- **AIM OF THE EXERCISE**: I'd like the entire listing output verbatim, apart from the pictures.

- **DATA EXCERPT**:
+ + +

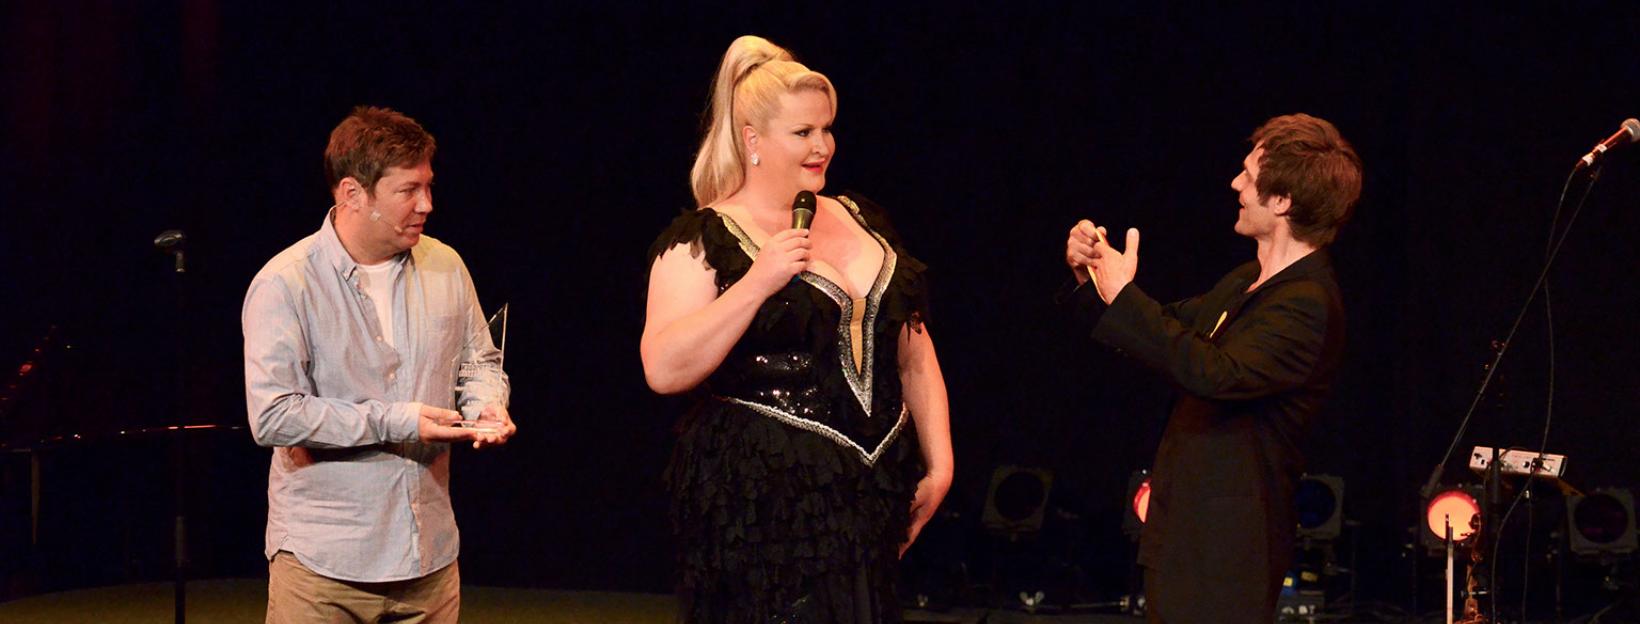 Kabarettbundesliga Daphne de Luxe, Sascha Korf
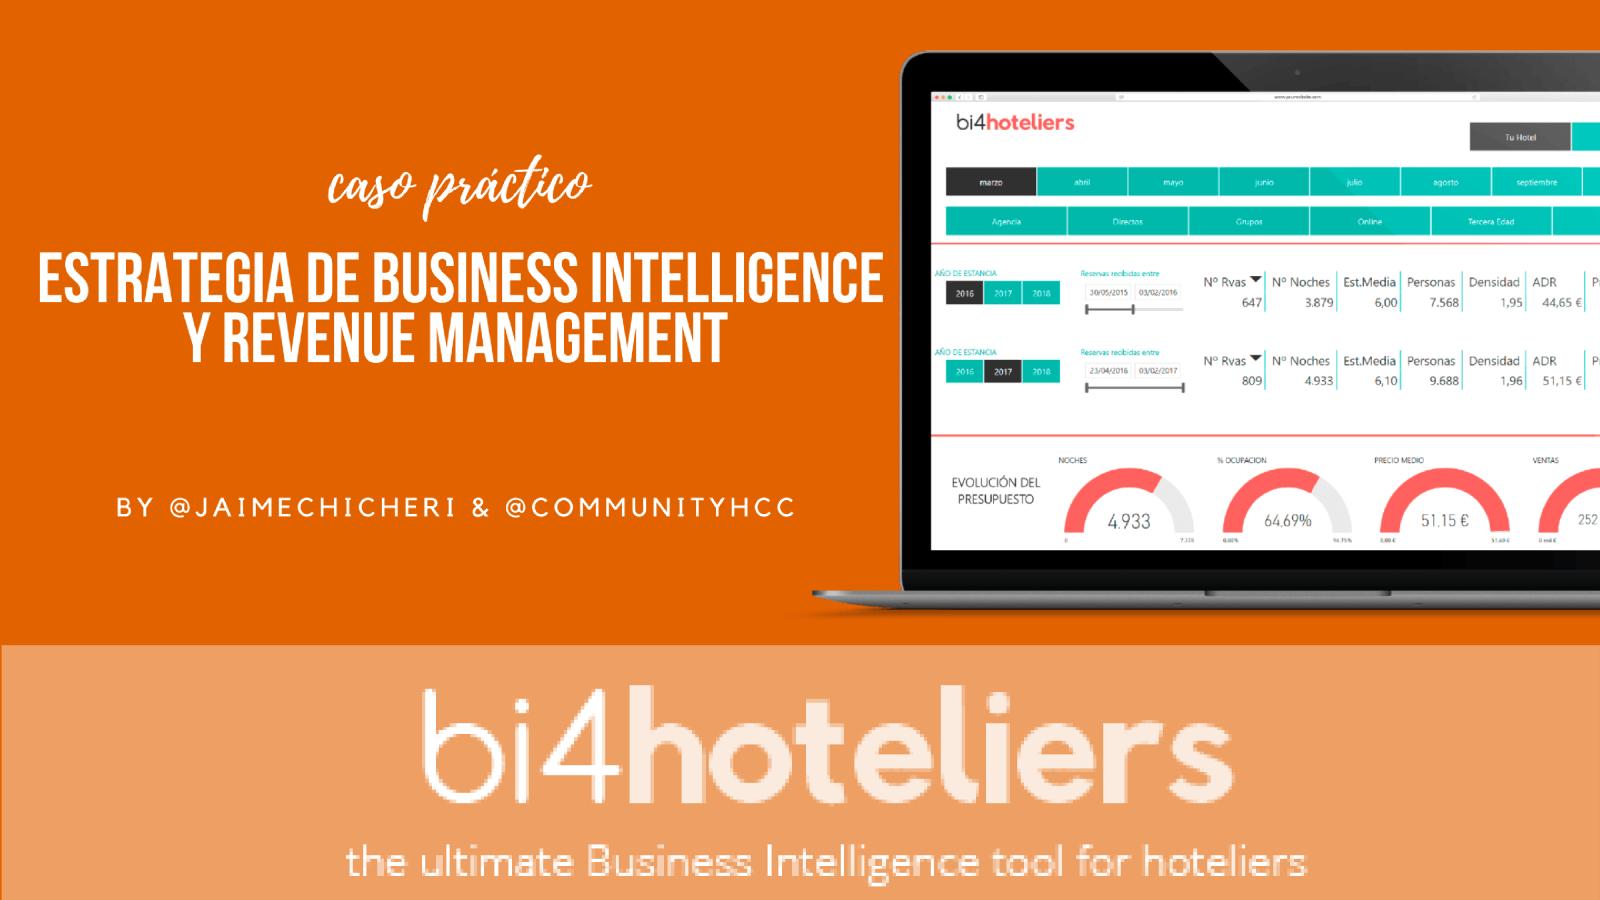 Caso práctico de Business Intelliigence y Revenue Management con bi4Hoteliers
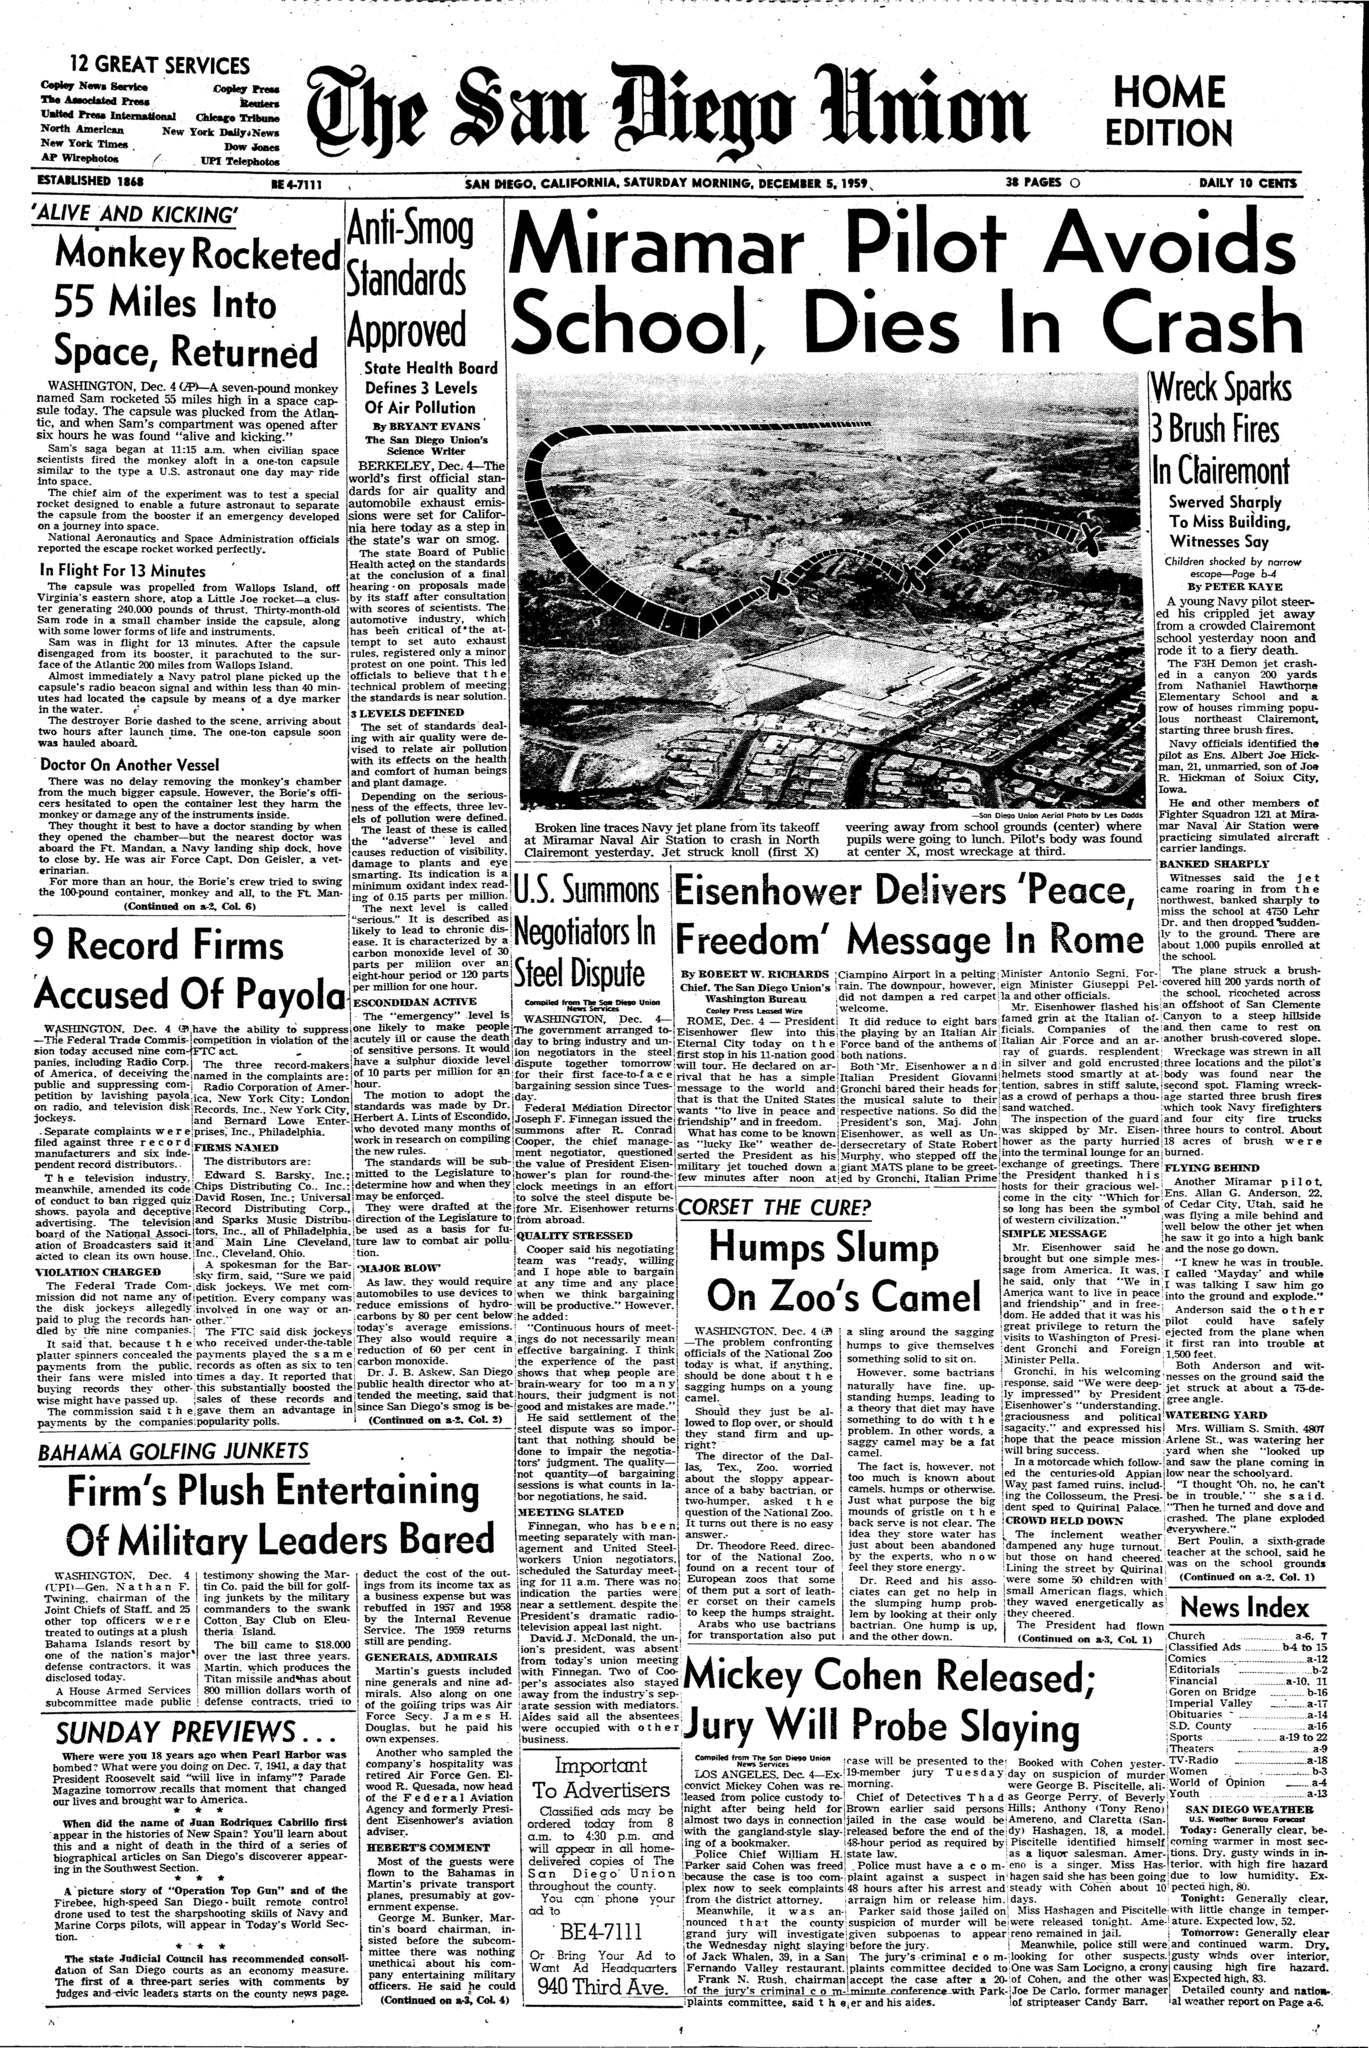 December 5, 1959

+ + +

- **EXPECTED OUTPUT**:
 Kabarettbundesliga Daphne de Luxe, Sascha Korf
 Caso práctico de Business Intelliigence y Revenue Management con bi4Hoteliers
 December 5, 1959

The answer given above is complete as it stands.